[Start of Attachment]
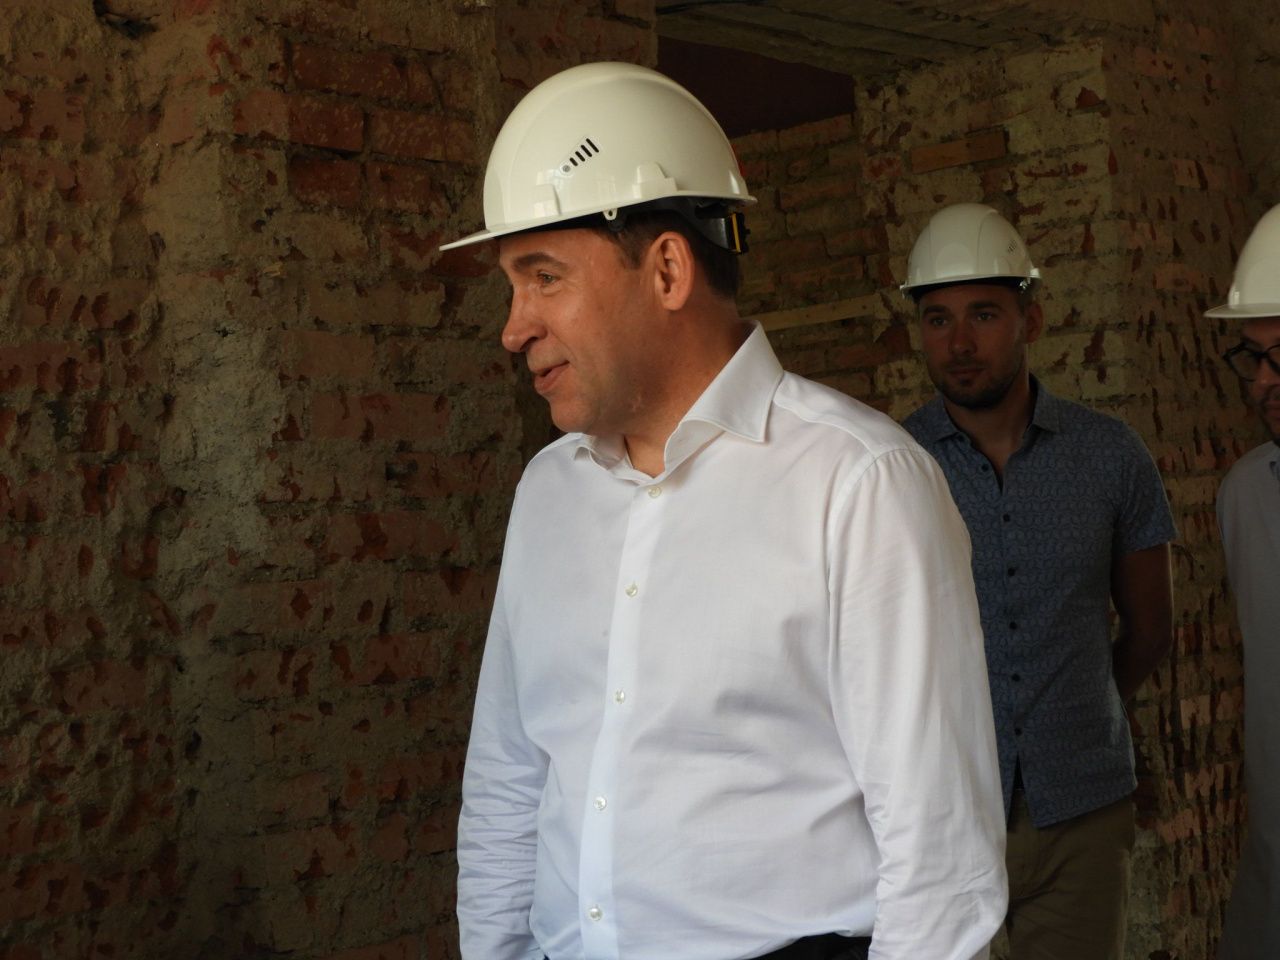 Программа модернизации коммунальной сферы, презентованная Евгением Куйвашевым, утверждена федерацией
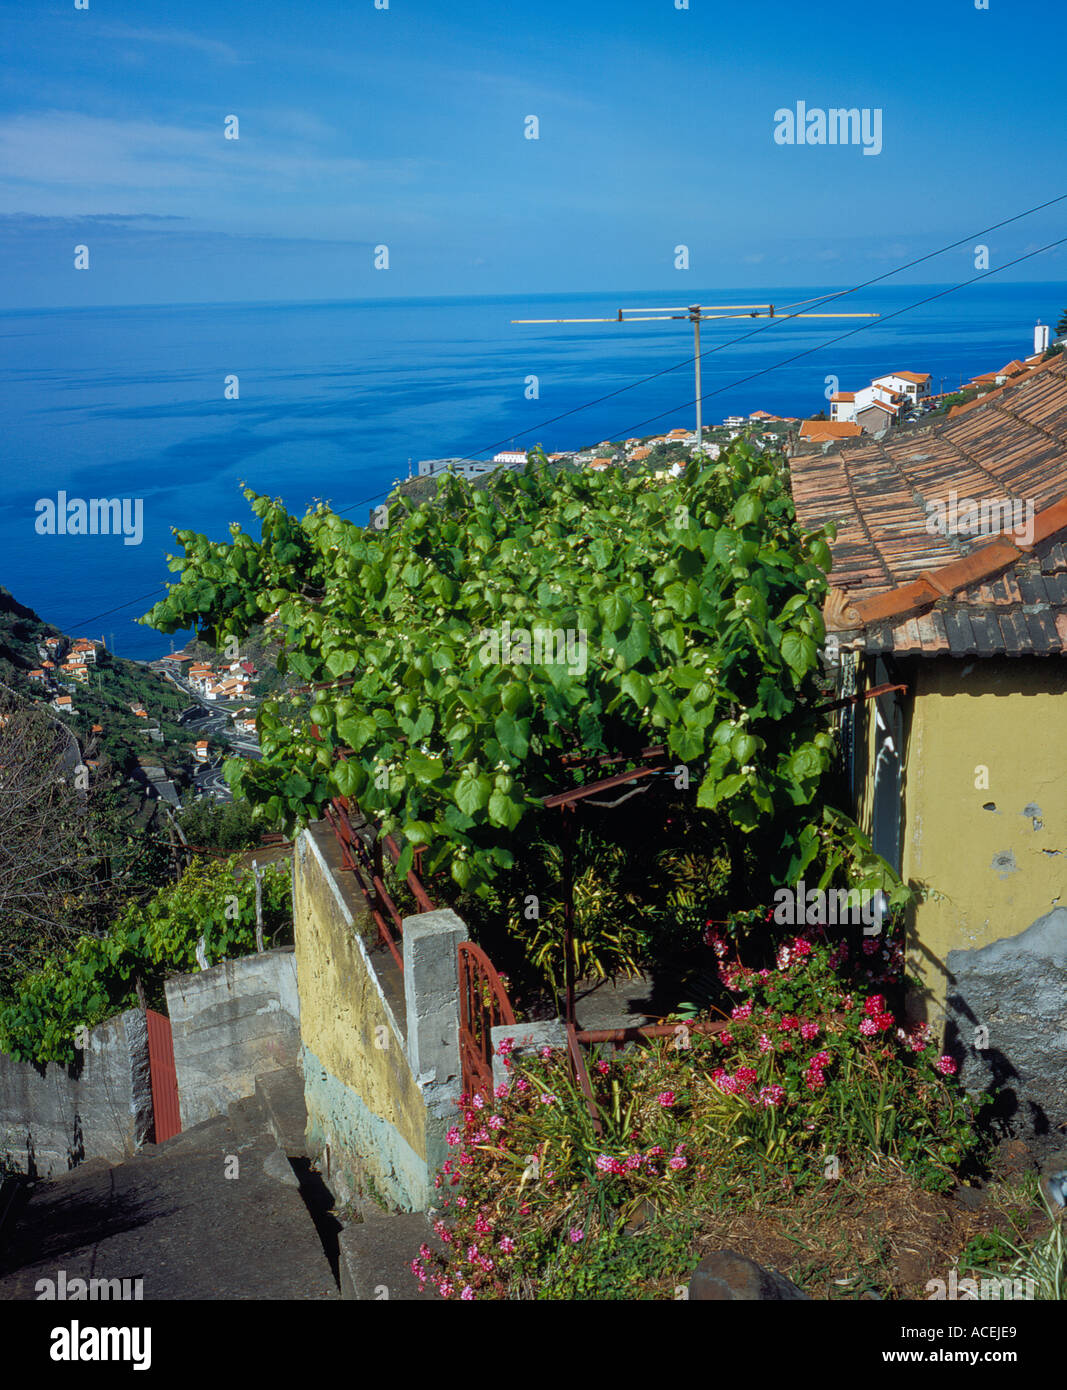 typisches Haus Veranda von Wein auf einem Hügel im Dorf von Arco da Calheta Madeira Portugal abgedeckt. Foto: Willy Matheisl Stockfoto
[End of Attachment]
[Start of Attachment]
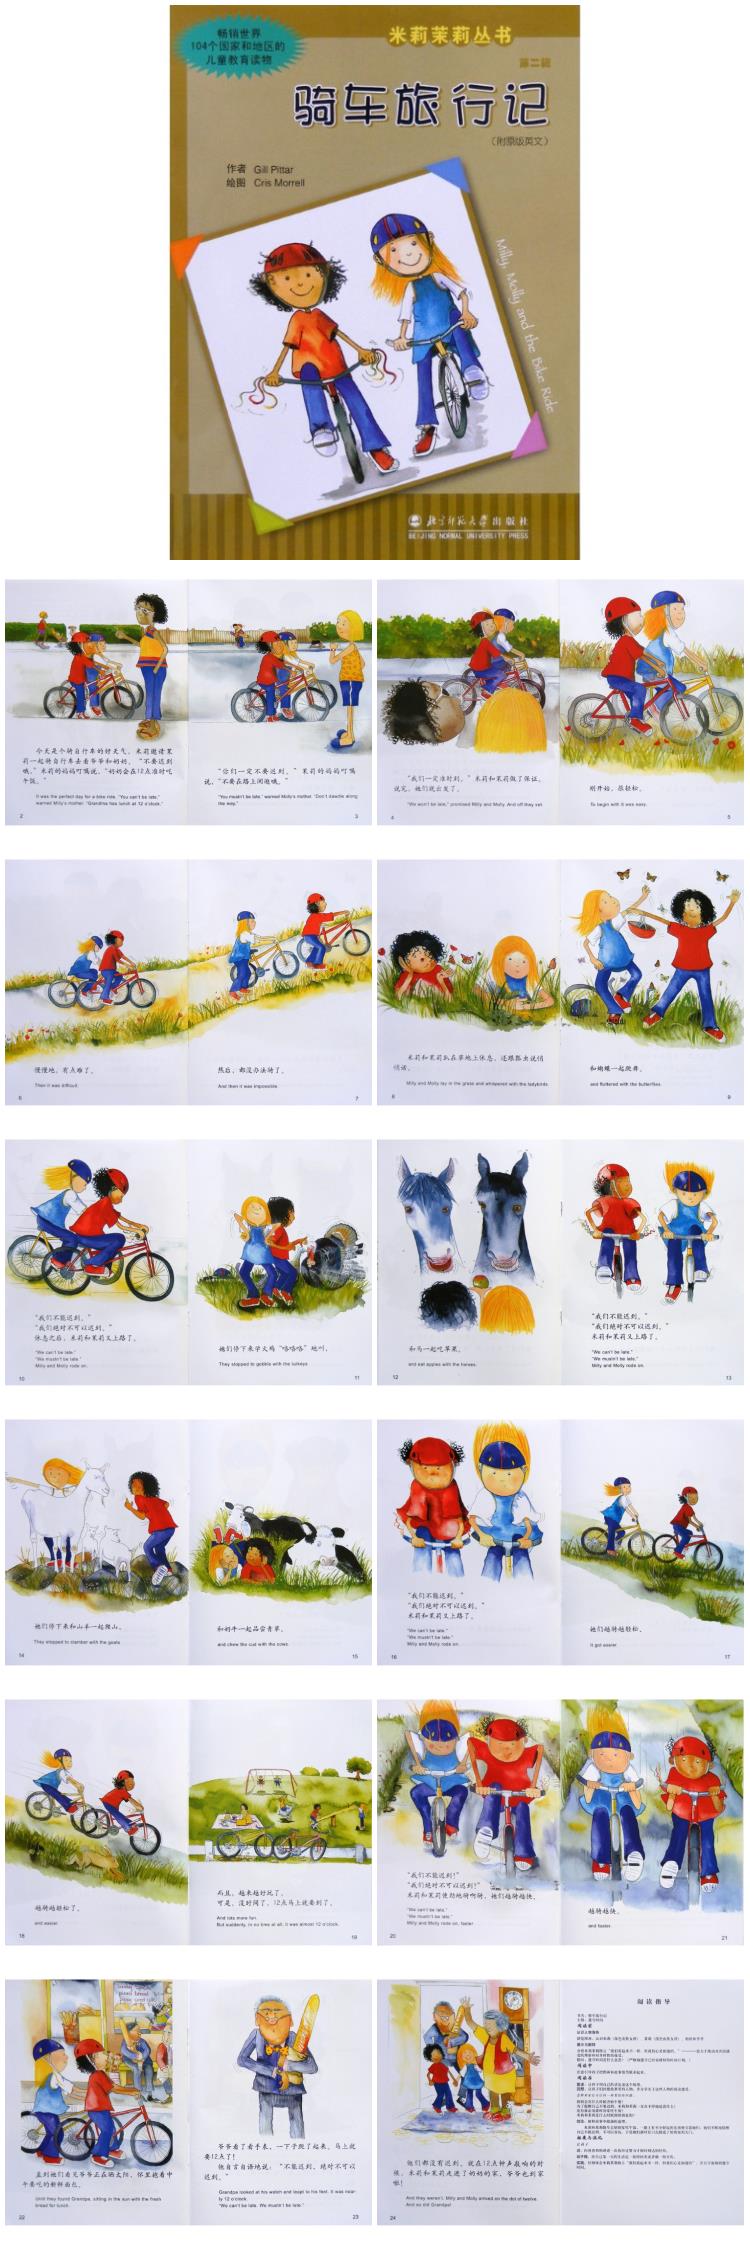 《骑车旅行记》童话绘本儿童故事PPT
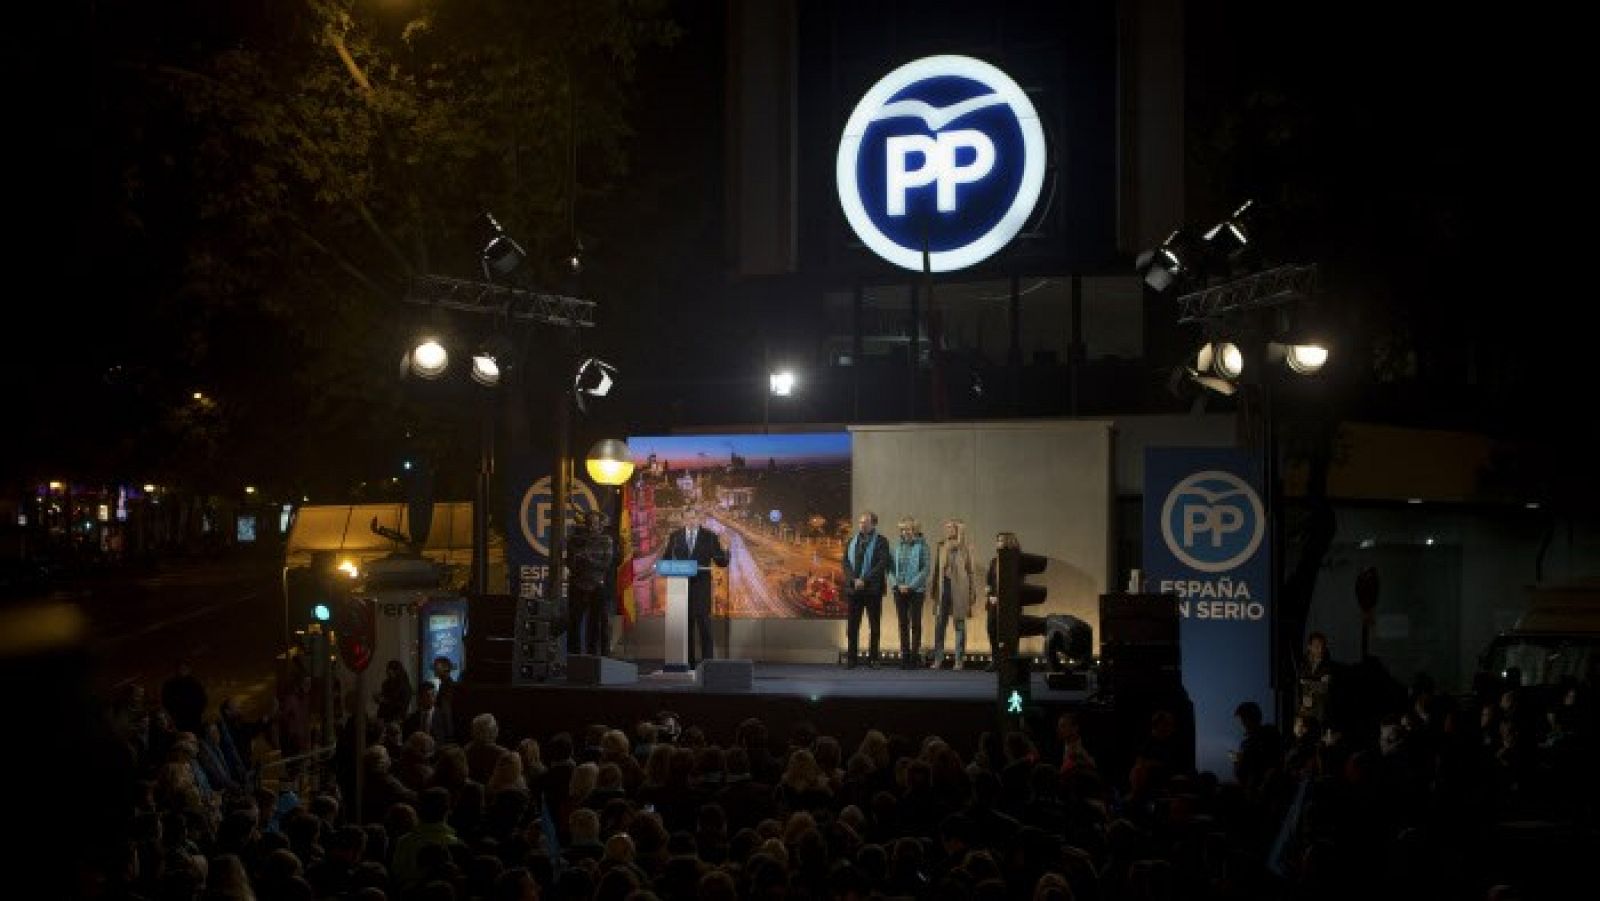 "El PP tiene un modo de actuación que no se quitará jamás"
[End of Attachment]
[Start of Attachment]
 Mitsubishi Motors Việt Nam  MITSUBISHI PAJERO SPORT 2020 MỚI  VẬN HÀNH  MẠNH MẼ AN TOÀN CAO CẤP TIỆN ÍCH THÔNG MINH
[End of Attachment]
PROBLEM REQUIREMENTS:
If a picture sits between the line containing "Программа модернизации коммунальной" and the line containing "typisches Haus Veranda", leave it out, and return the lines of that range above exactly, both ends included.

ANSWER SPACE:
 Программа модернизации коммунальной сферы, презентованная Евгением Куйвашевым, утверждена федерацией
 typisches Haus Veranda von Wein auf einem Hügel im Dorf von Arco da Calheta Madeira Portugal abgedeckt. Foto: Willy Matheisl Stockfoto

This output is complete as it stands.